**** DATA PROVIDED ****

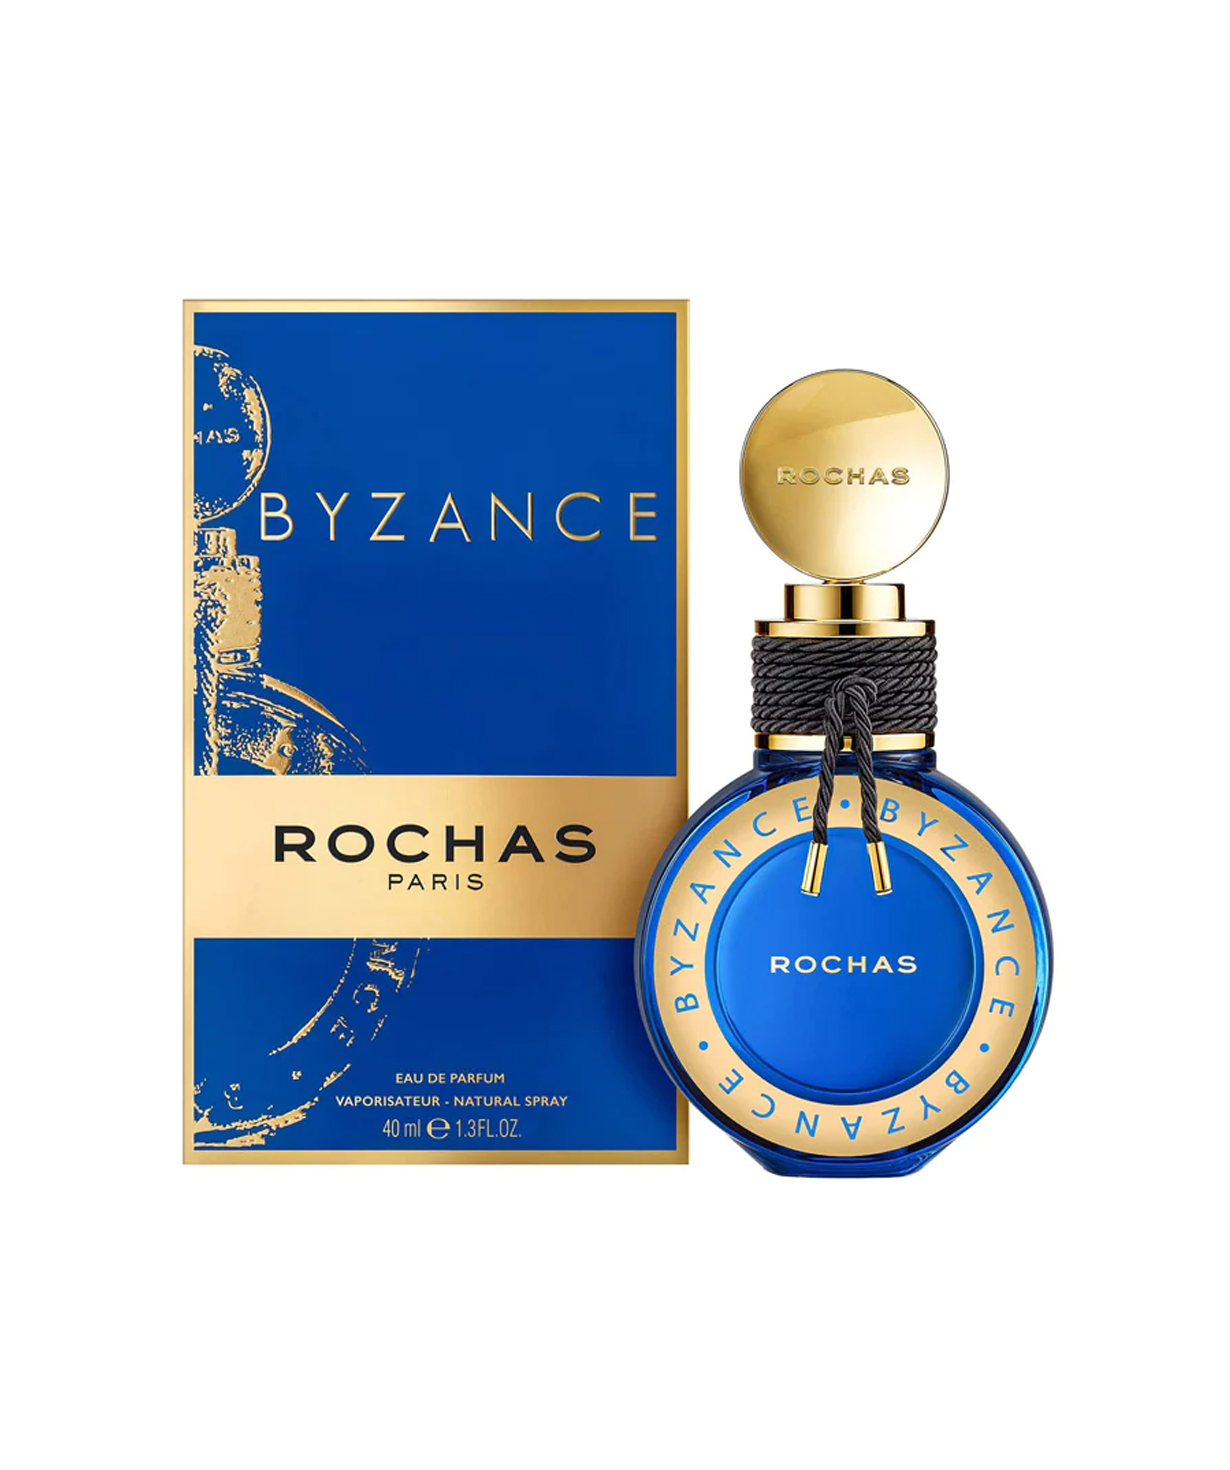 Perfume «Rochas» Byzance, for women, 40 ml
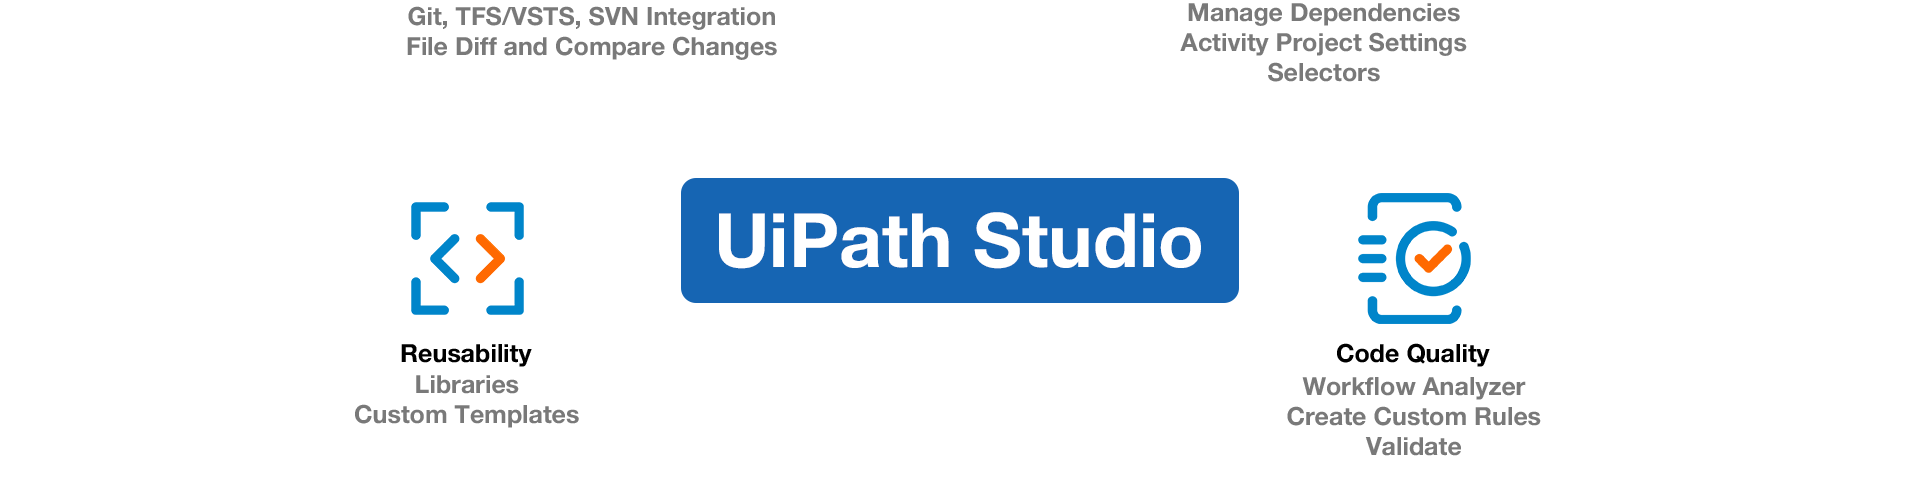 UI Path Studio
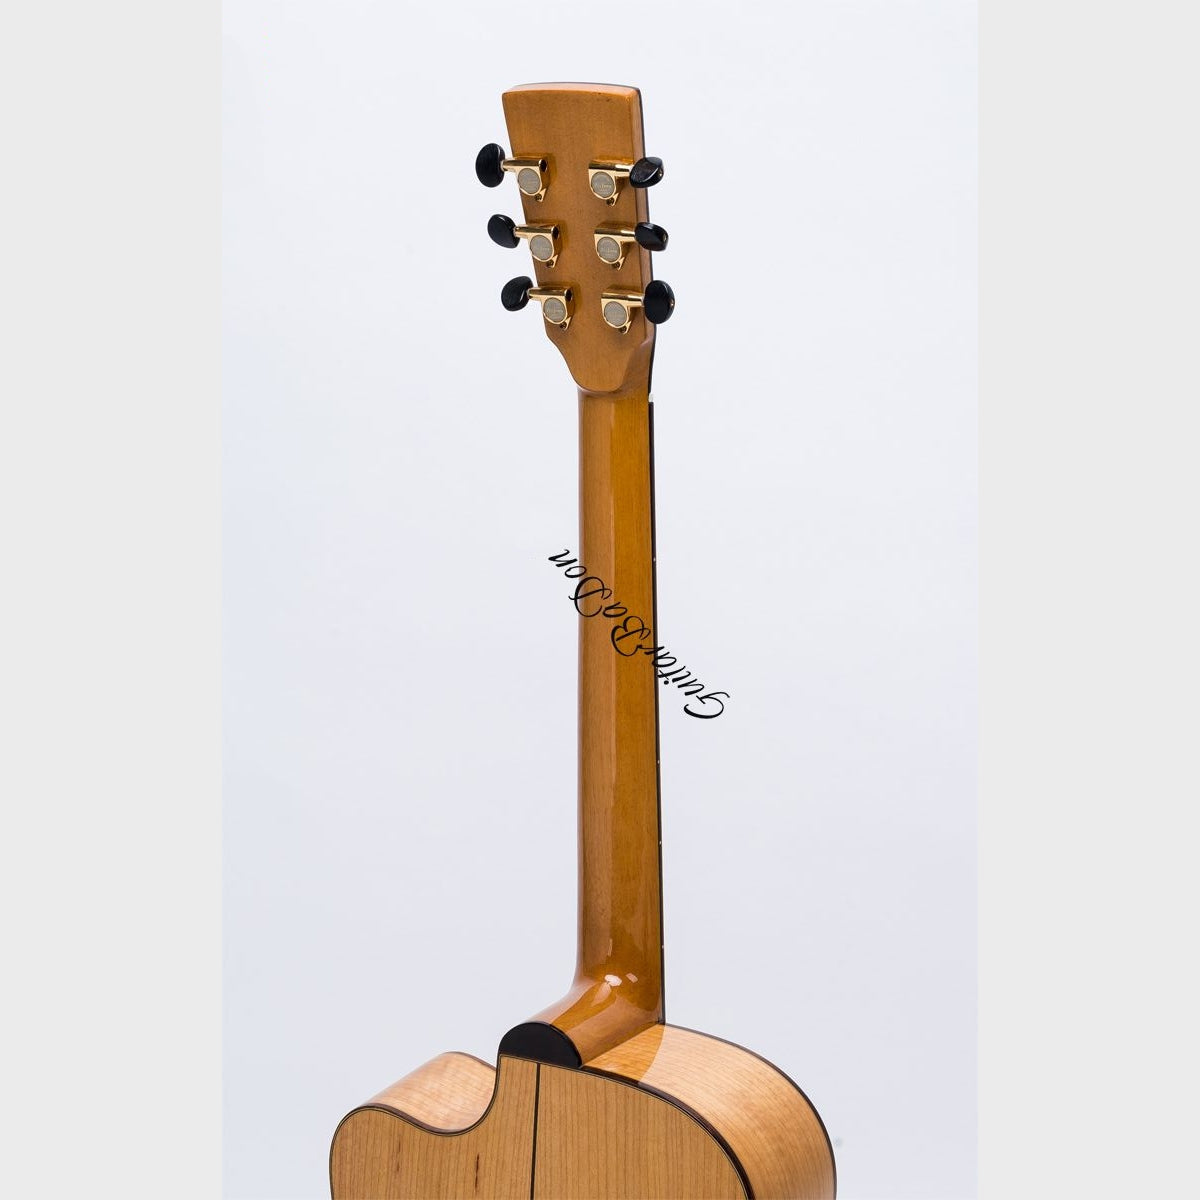 Đàn Guitar Acoustic Ba Đờn J550C

****

§ **WHAT THIS TASK INVOLVES**
The whole listing should be reproduced exactly. Images don't go in.

§ **REPLY**
 Perfume «Rochas» Byzance, for women, 40 ml
 UI Path Studio
 Đàn Guitar Acoustic Ba Đờn J550C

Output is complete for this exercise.